◆ **Problem to work on**:
No pictures in the copy. Write out the listing below exactly.

◆ **Raw data**:
....................

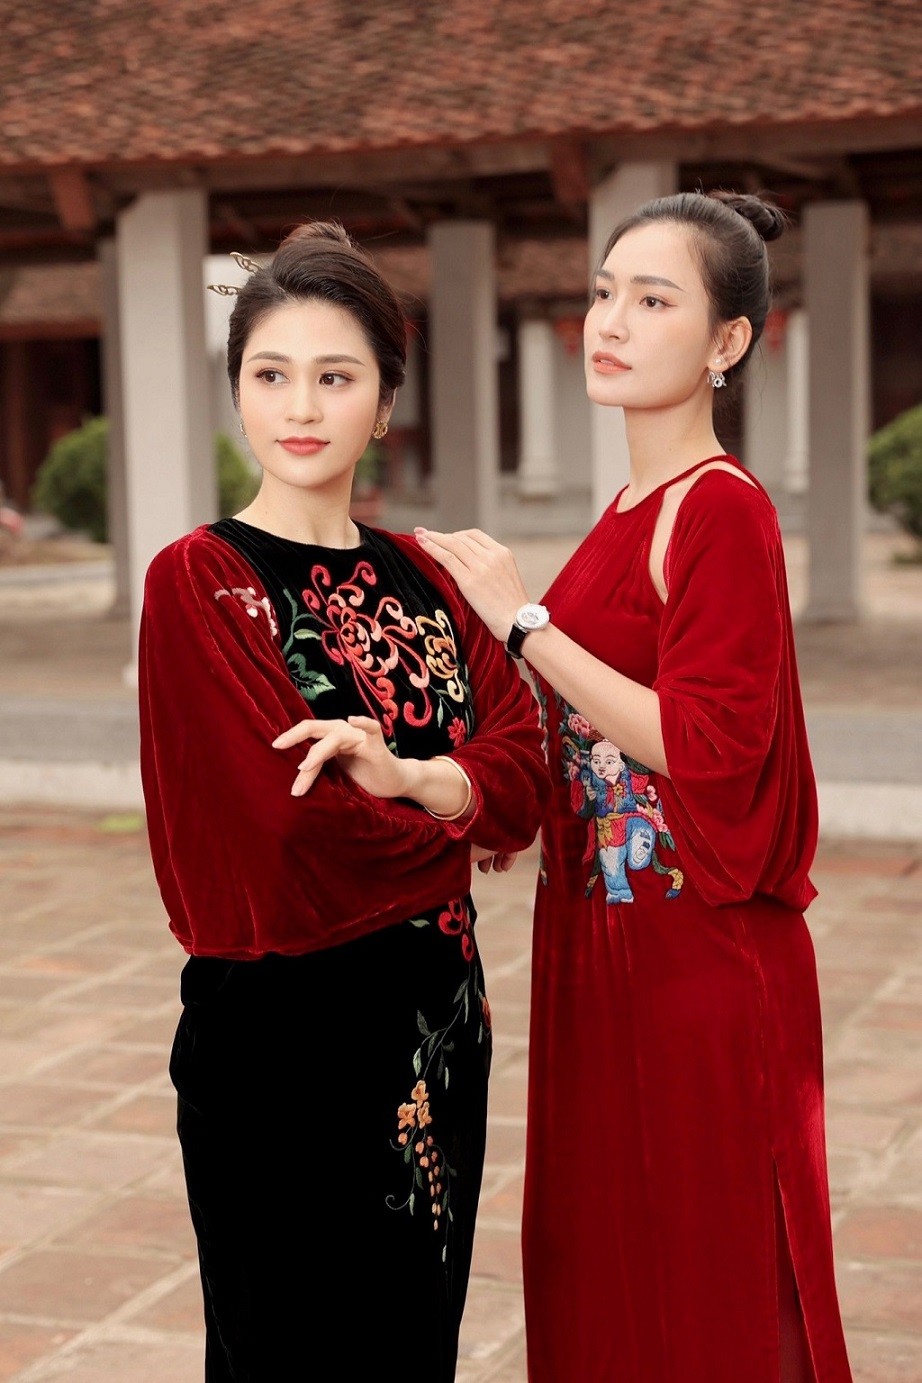 BTV Minh Trang và BTV Linh Thủy là hai gương mặt không xa lạ với khán giả yêu thích chương trình Thời sự trên sóng VTV. Cả hai ghi điểm với gương mặt xinh đẹp cùng lối dẫn duyên dáng.
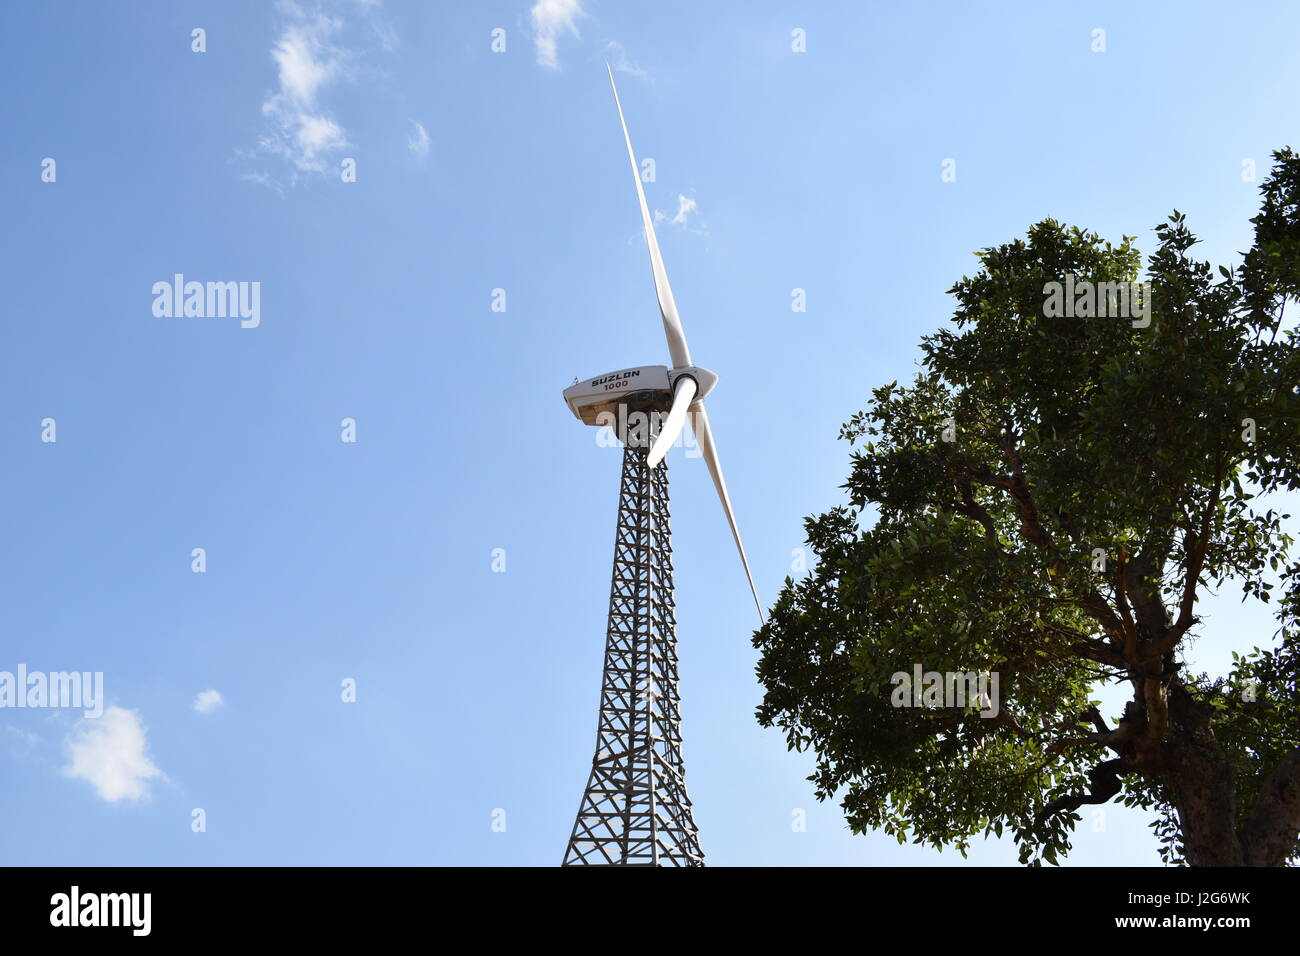 Suzlon wind turbine Vue de côté avec un arbre. Banque D'Images
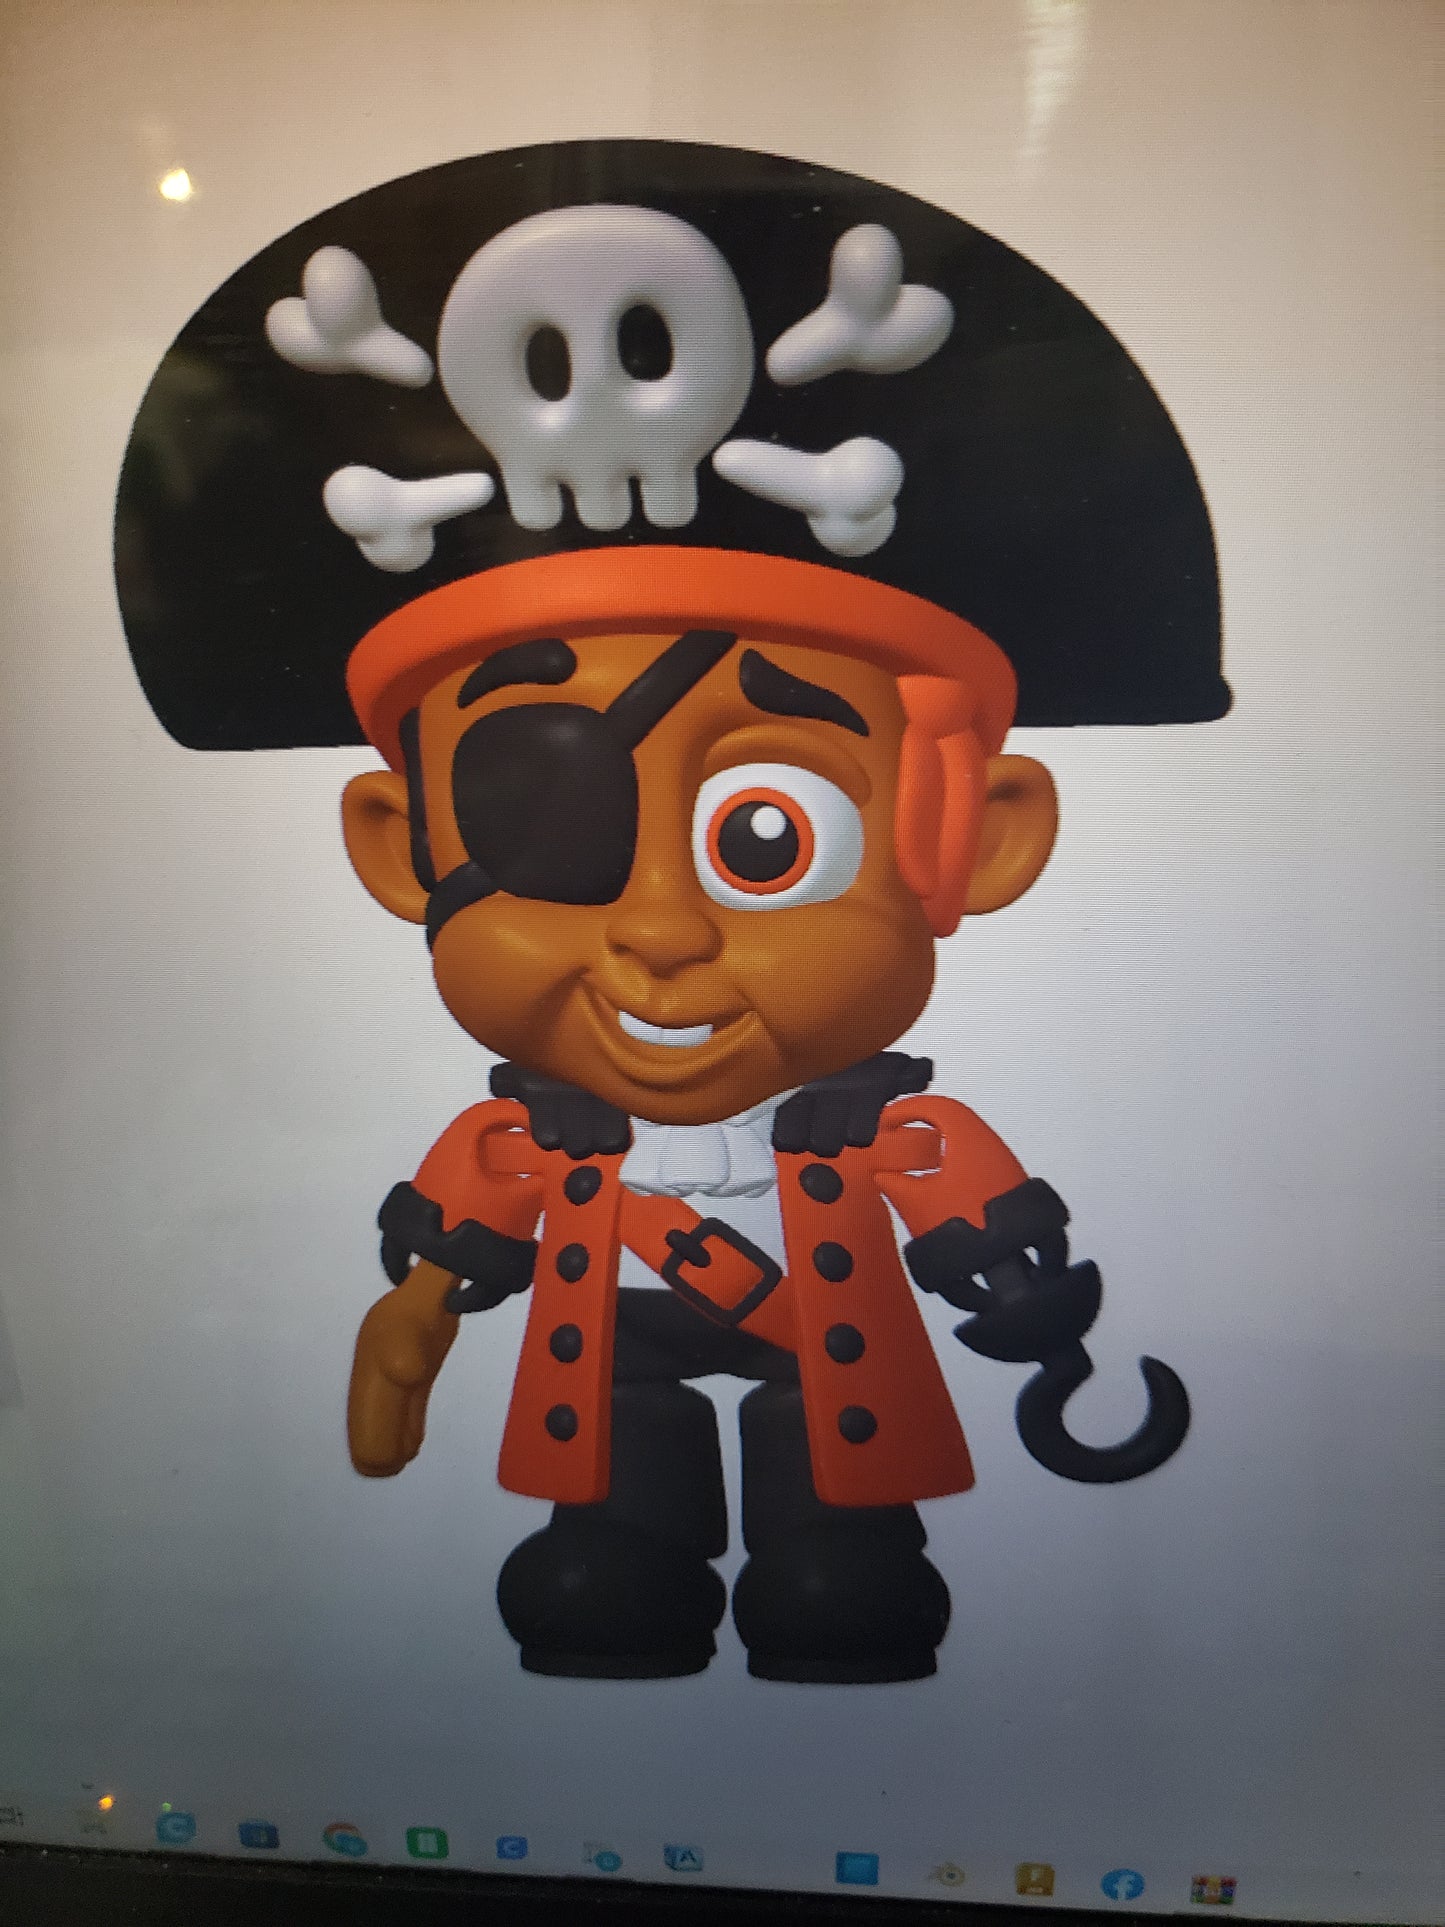 Pirate and stolen Treasure

....................

◆ **Result of this task**:
 BTV Minh Trang và BTV Linh Thủy là hai gương mặt không xa lạ với khán giả yêu thích chương trình Thời sự trên sóng VTV. Cả hai ghi điểm với gương mặt xinh đẹp cùng lối dẫn duyên dáng.
 Suzlon wind turbine Vue de côté avec un arbre. Banque D'Images
 Pirate and stolen Treasure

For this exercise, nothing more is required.